For repeated searches, run the server to keep models warm in memory:

Bash
# Start the server
corp-entity-db serve --port 8222

# In another terminal, or from Python
curl http://localhost:8222/search -d '{"query":"Apple","limit":5}' -H "Content-Type: application/json"

Server mode is ideal for:

  • CLI scripts that make many searches
  • Web applications that need low-latency lookups
  • Multi-process environments where you want a single model instance
  • Integration with the corp-extractor pipeline

RunPod Serverless

For scalable, pay-per-use deployment, the entity database can run on RunPod serverless infrastructure.

Bash
cd runpod

# Build the Docker image (Linux/amd64 required on Mac)
docker build --platform linux/amd64 -t corp-entity-db-runpod .

# Push to your registry
docker tag corp-entity-db-runpod your-registry/corp-entity-db-runpod:latest
docker push your-registry/corp-entity-db-runpod:latest

The RunPod image includes:

  • The corp-entity-db library
  • Pre-downloaded embedding model
  • The lite database + USearch indexes

Configure your RunPod endpoint with:

  • GPU: Not required (CPU is sufficient for search)
  • Min workers: 0 (scale to zero when idle)
  • Max workers: As needed for throughput
  • Volume: Optional (databases can be baked into the image)

Docker Setup

For self-hosted Docker deployments:

Bash
# Minimal Dockerfile
FROM python:3.12-slim

# Install the library with serve extra
RUN pip install "corp-entity-db[serve]"

# Download database on build (bakes it into the image)
RUN corp-entity-db download

# Expose the server port
EXPOSE 8222

# Run the server
CMD ["corp-entity-db", "serve", "--host", "0.0.0.0", "--port", "8222"]

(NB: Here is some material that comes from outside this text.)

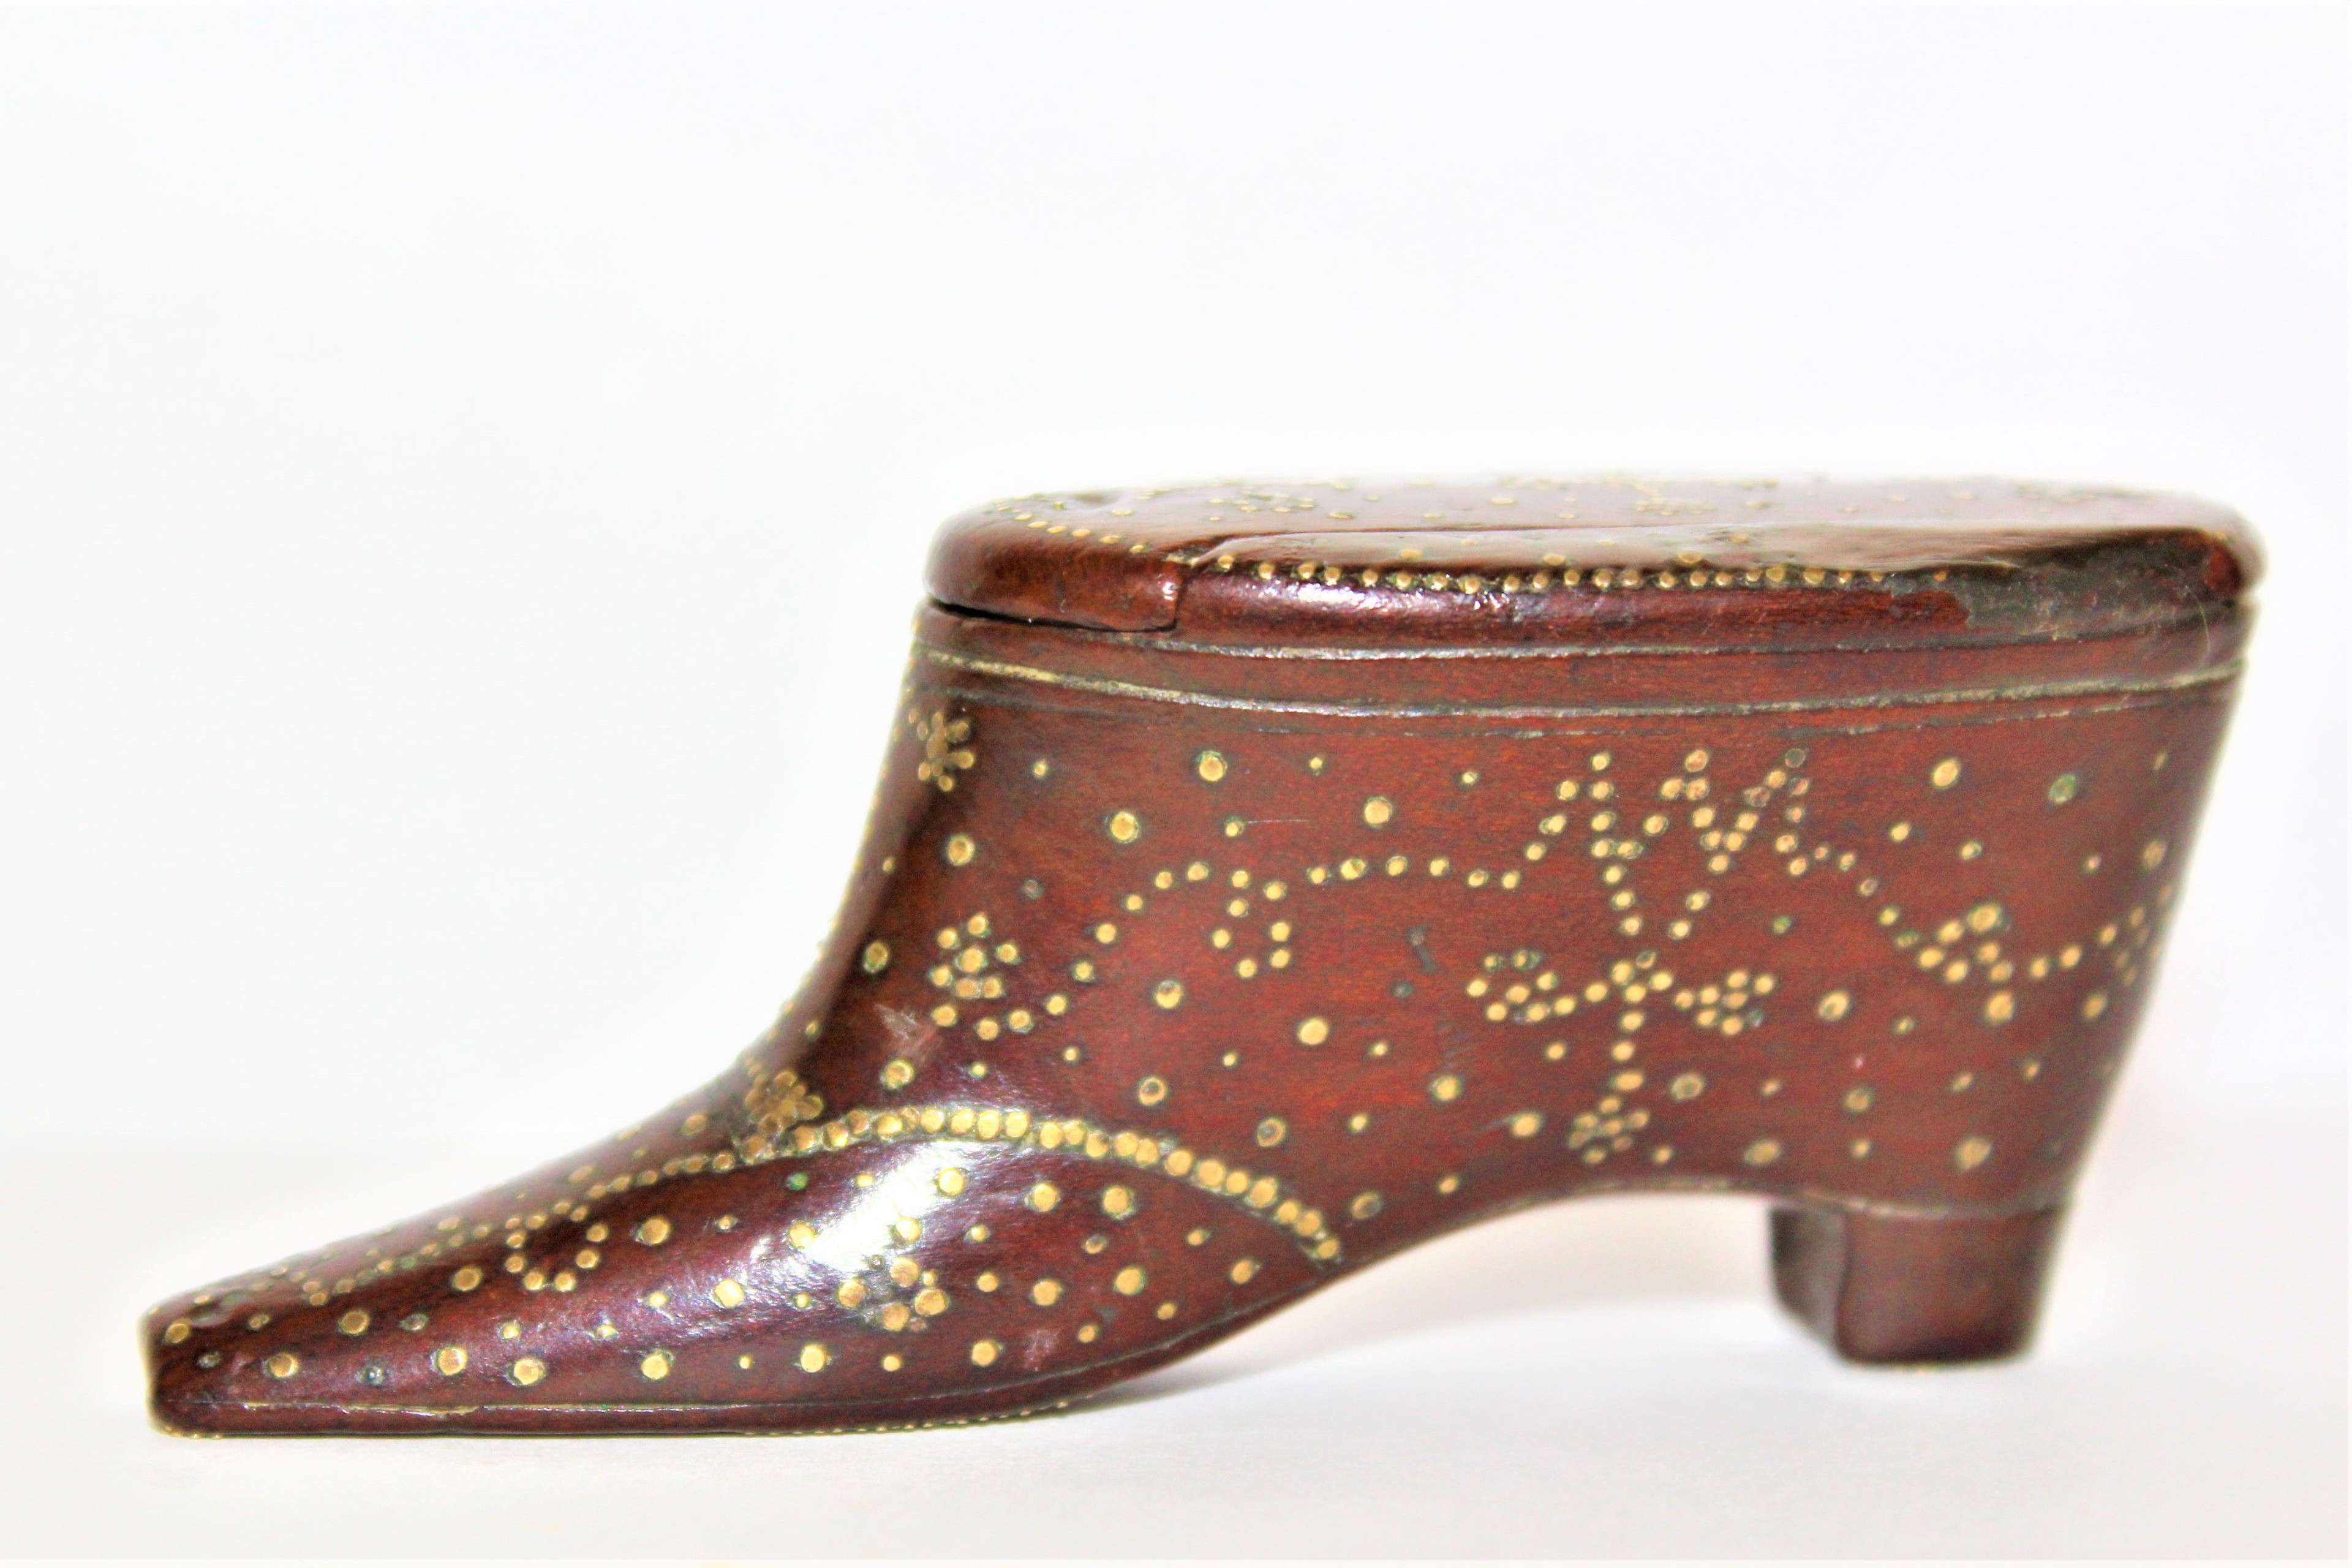 A very fine Georgian mahogany snuff box in the shape of a shoe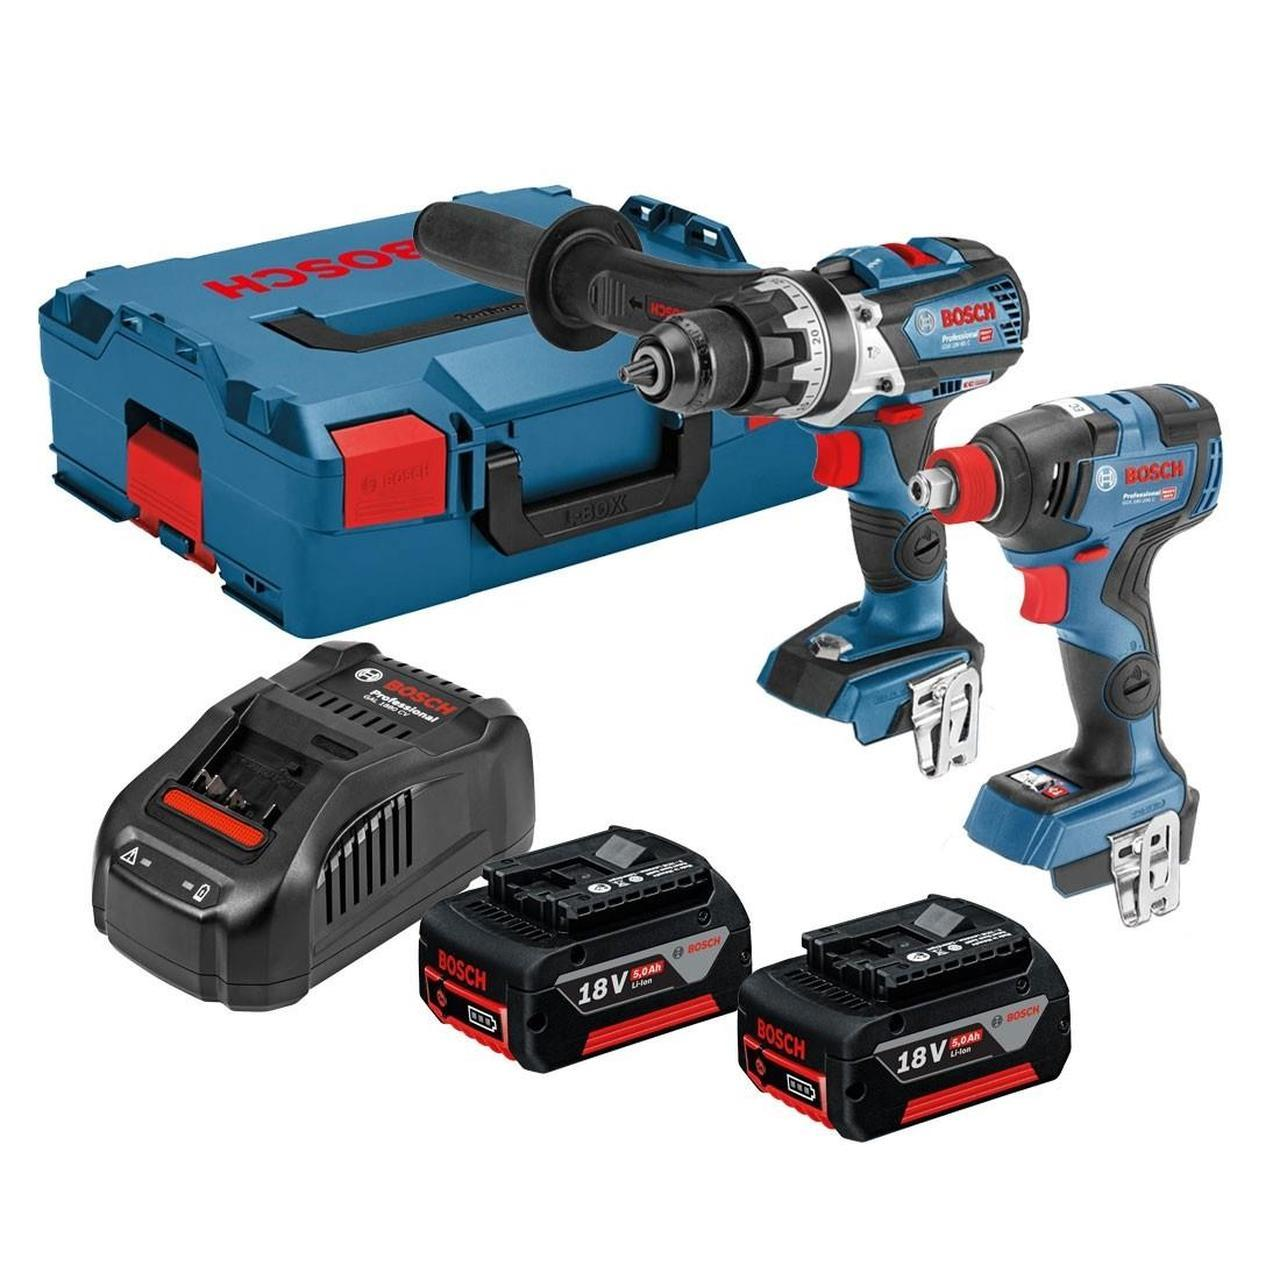 Bosch Tool Kits

The Docker image is significantly lighter than the corp-extractor deployment because it does not require the T5-Gemma model (~1.5GB) or GLiNER2 (~200MB). The main size contributors are:

  • Python + dependencies (~500MB)
  • Embedding model (~200MB)
  • Lite database (~500MB)
  • USearch indexes (~21GB for full coverage, or smaller for subset)

For a smaller footprint, consider building a database with only the sources you need and generating indexes for just those records.